A Covered Entity under HIPAA is an organization or individual that falls into one of three regulated categories under federal health privacy and security regulations: a health plan, a health care clearinghouse, or a health care provider that transmits health information in electronic form in connection with a standard transaction, and that status triggers compliance duties under the HIPAA Privacy Rule, HIPAA Security Rule, and HIPAA Breach Notification Rule for protected health information handled in its covered functions.
Health plans are Covered Entities when they provide or pay the cost of medical care and operate within the health plan definition used in HIPAA Administrative Simplification. This category includes many private health insurers and certain public benefit programs. Health plans that are Covered Entities must implement privacy policies, limit uses and disclosures of protected health information to permitted purposes or valid authorizations, provide required notices and individual rights processes, and maintain safeguards for electronic protected health information.
Health care clearinghouses are Covered Entities when they process health information from one format into standard transactions or from standard transactions into nonstandard formats. Clearinghouse activities often involve claims and eligibility transactions and related administrative data flows. Clearinghouses must apply the HIPAA Privacy Rule and HIPAA Security Rule to protected health information they create, receive, maintain, or transmit in their clearinghouse role.
Health care providers become Covered Entities when they transmit health information in electronic form in connection with a transaction for which the U.S. Department of Health and Human Services has adopted a standard, such as certain billing and payment transactions. Many providers meet this threshold through electronic claims submission or other standard transactions conducted directly or through a billing service. A provider that only treats patients and maintains records but does not conduct standard electronic transactions does not become a Covered Entity solely by providing care.
Covered Entity status is tied to functions and transactions rather than professional titles or licensing. A clinic, hospital, physician practice, dentist, pharmacy, laboratory, and similar provider organizations are commonly Covered Entities because they conduct standard electronic transactions, but the determination depends on whether the provider transmits health information electronically for covered transactions. A vendor that handles protected health information does not become a Covered Entity based on access alone and may instead be a Business Associate when it performs functions for a Covered Entity that involve protected health information.
Covered Entities can operate within larger organizations that also perform non-covered activities.
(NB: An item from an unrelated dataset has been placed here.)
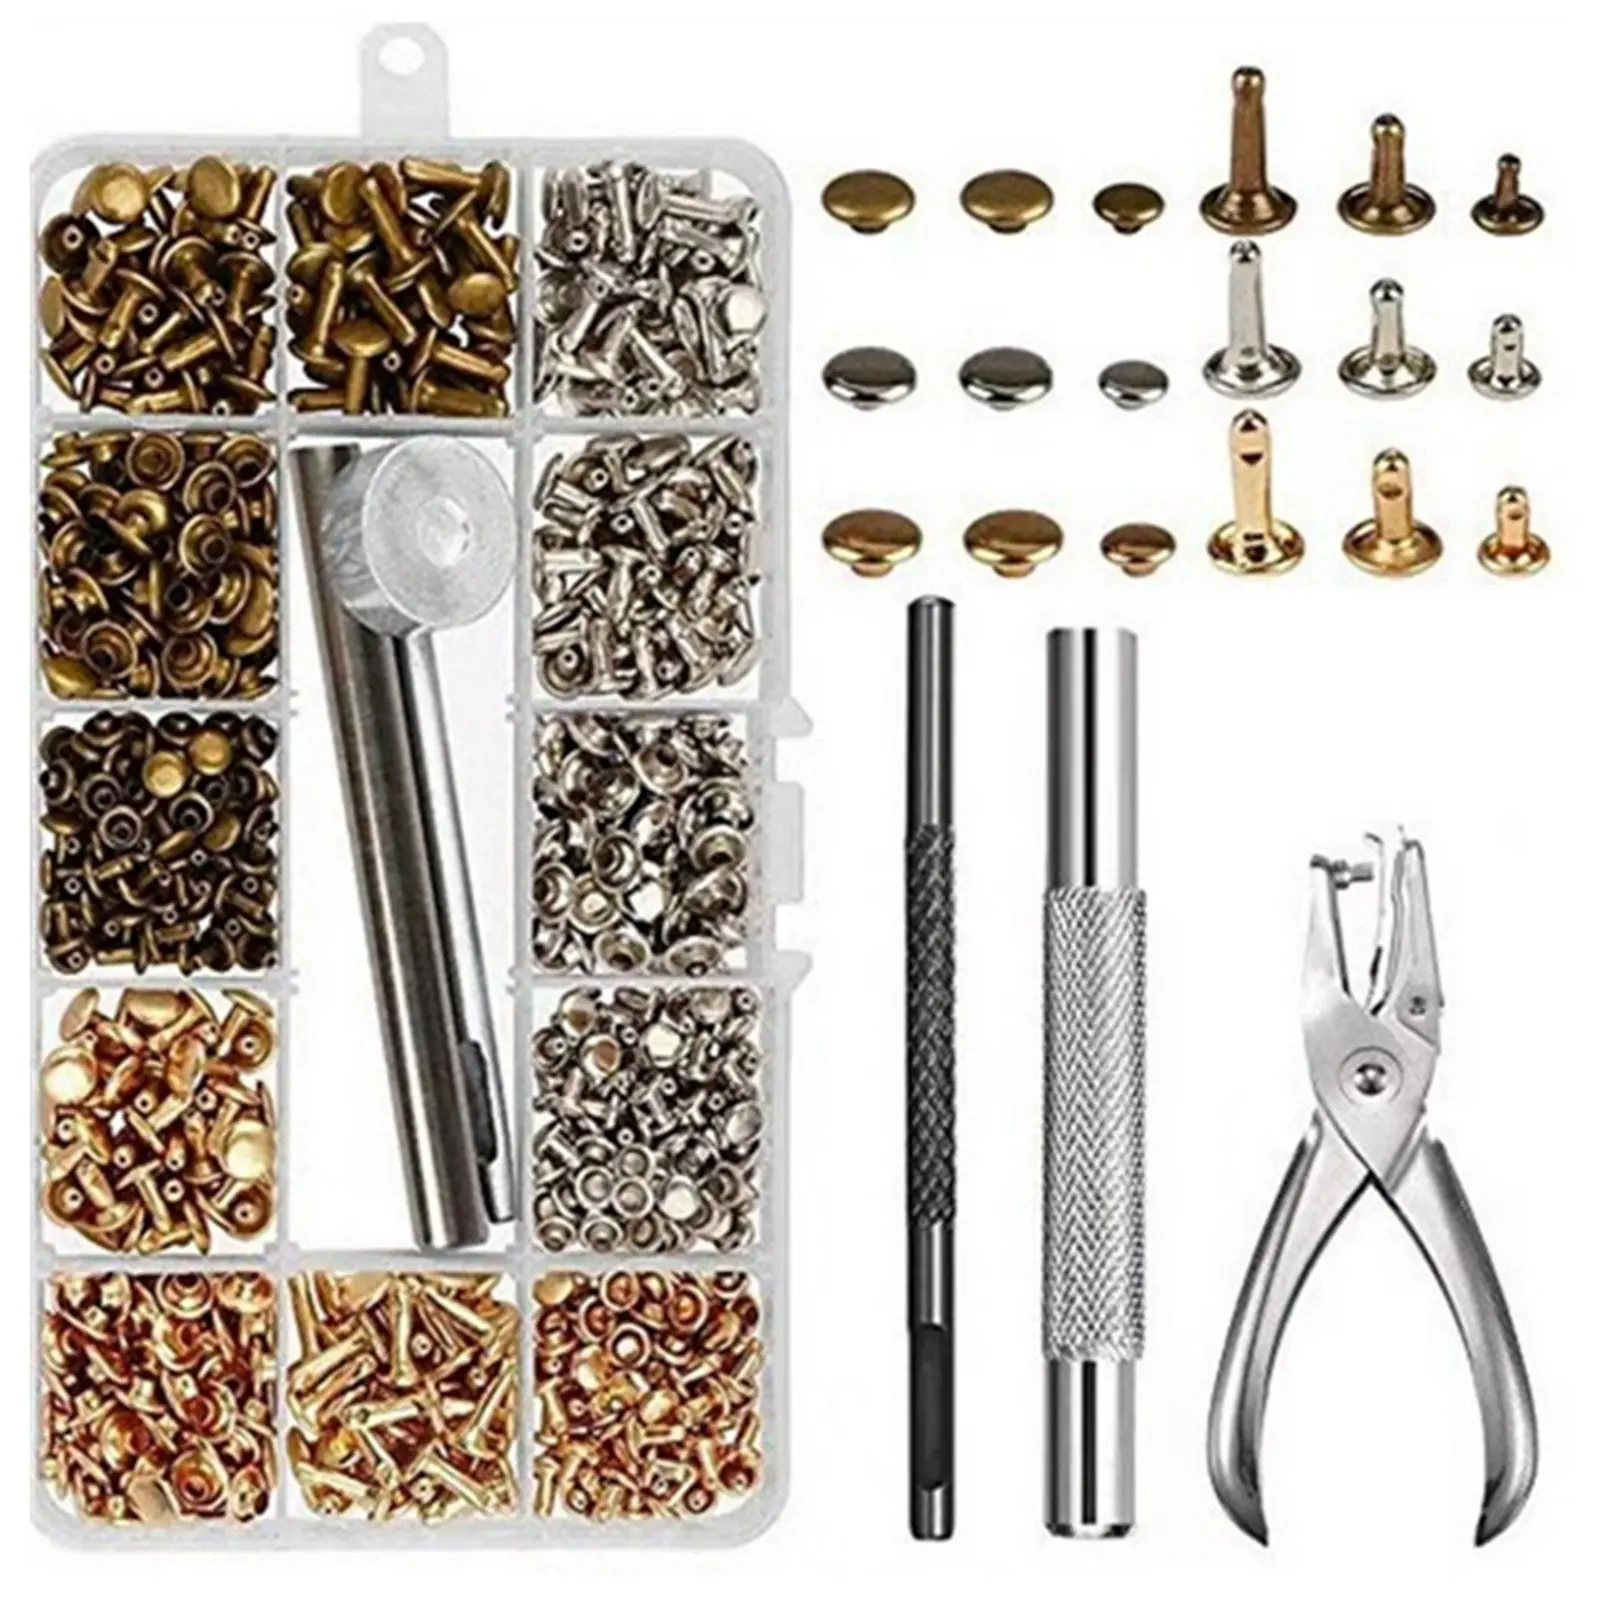 300 Sets Leather Rivets DIY Leather Craft Double Cap Rivet Tubular Metal Studs with Punch Pliers Fixing Set Tools

Some organizations designate covered components when only part of the entity meets the Covered Entity definition, and HIPAA obligations apply to the designated covered components and their protected health information. The compliance focus is on where protected health information is created, received, maintained, or transmitted for covered functions and on controls that prevent impermissible uses and disclosures across internal boundaries.
Covered Entities carry direct compliance duties that cannot be assigned away by contract. Business associate agreements are required when a third party performs a regulated function involving protected health information on behalf of a Covered Entity, but the Covered Entity retains responsibility for its own policies, workforce controls, access management, disclosures, and breach decision-making. Enforcement actions can involve both the Covered Entity and its Business Associates when failures involve impermissible uses or disclosures or inadequate safeguards for electronic protected health information.
Determining whether an organization is a Covered Entity under HIPAA requires confirming that it fits within the health plan, health care clearinghouse, or qualifying health care provider category and then mapping protected health information handling to the HIPAA Privacy Rule, HIPAA Security Rule, and HIPAA Breach Notification Rule requirements that apply to the organization’s covered activities.